Question 6.FOM.1: Wheatstone Bridge Filter The Wheatstone bridge circuit of Ex...
Wheatstone Bridge Filter
The Wheatstone bridge circuit of Examples 2.10 and Focus on Measurements: Wheatstone Bridge in Chapter 2 is used in a number of instrumentation applications, including the measurement of force (see Example 2.13, describing the strain gauge bridge). Figure 6.14 depicts the appearance of the bridge circuit. When undesired noise and interference are present in a measurement, it is often appropriate to use a low-pass filter to reduce the effect of the noise. The capacitor that is connected to the output terminals of the bridge in Figure 6.14 constitutes an effective and simple low-pass filter, in conjunction with the bridge resistance. Assume that the average resistance of each leg of the bridge is 350 \Omega (a standard value for strain gauges) and that we desire to measure a sinusoidal force at a frequency of 30 \mathrm{~Hz}. From prior measurements, it has been determined that a filter with a cutoff frequency of 300 \mathrm{~Hz} is sufficient to reduce the effects of noise. Choose a capacitor that matches this filtering requirement.

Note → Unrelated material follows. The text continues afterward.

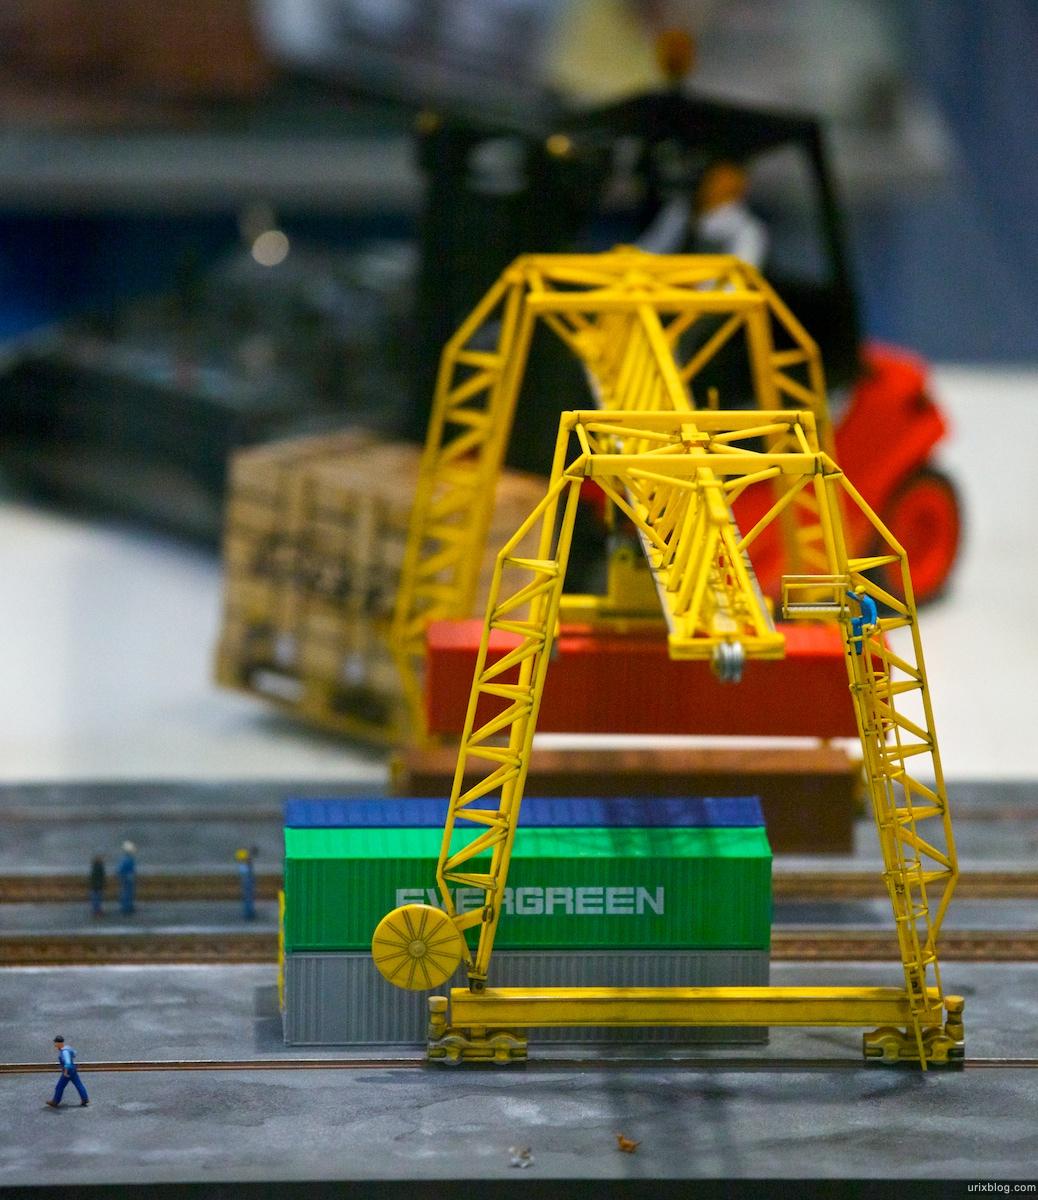 2011 модели scale model Moscow Hobby Expo 2011, Московская Выставка Хобби 2011, Крокус Экспо

By evaluating the Thévenin equivalent circuit for the Wheatstone bridge, calculating the desired value for the filter capacitor becomes relatively simple, as illustrated at the bottom of Figure 6.14. The Thévenin resistance for the bridge circuit may be computed by short-circuiting the two voltage sources and removing the capacitor placed across the load terminals:
R_{T}=R_{1}\left\|R_{2}+R_{3}\right\| R_{4}=350\|350+350\| 350=350 \Omega
Since the required cutoff frequency is 300 \mathrm{~Hz}, the capacitor value can be computed from the expression
\omega_{0}=\frac{1}{R_{T} C}=2 \pi \times 300
or
C=\frac{1}{R_{T} \omega_{0}}=\frac{1}{350 \times 2 \pi \times 300}=1.51 \mu \mathrm{F}
The frequency response of the bridge circuit is of the same form as equation 6.16:
\frac{\mathbf{V}_{\text {o }}}{\mathbf{V}_{i}}(j \omega)=\frac{1}{1+j \omega C R_{T}} (6.16)
\frac{\mathbf{V}_{\text {out }}}{\mathbf{V}_{T}}(j \omega)=\frac{1}{1+j \omega C R_{T}}
This response can be evaluated at the frequency of 30 \mathrm{~Hz} to verify that the attenuation and phase shift at the desired signal frequency are minimal:
\begin{aligned}\frac{\mathbf{V}_{\text {out }}}{\mathbf{V}_{T}}(j \omega=j 2 \pi \times 30) &=\frac{1}{1+j 2 \pi \times 30 \times 1.51 \times 10^{-6} \times 350} \\&=0.9951 \angle-5.7^{\circ}\end{aligned}
Figure 6.15 depicts the appearance of a 30-\mathrm{Hz} sinusoidal signal before and after the addition of the capacitor to the circuit.
Focus on Computer-Aided Tools- An EWB simulation of this circuit may be found in the accompanying CD-ROM.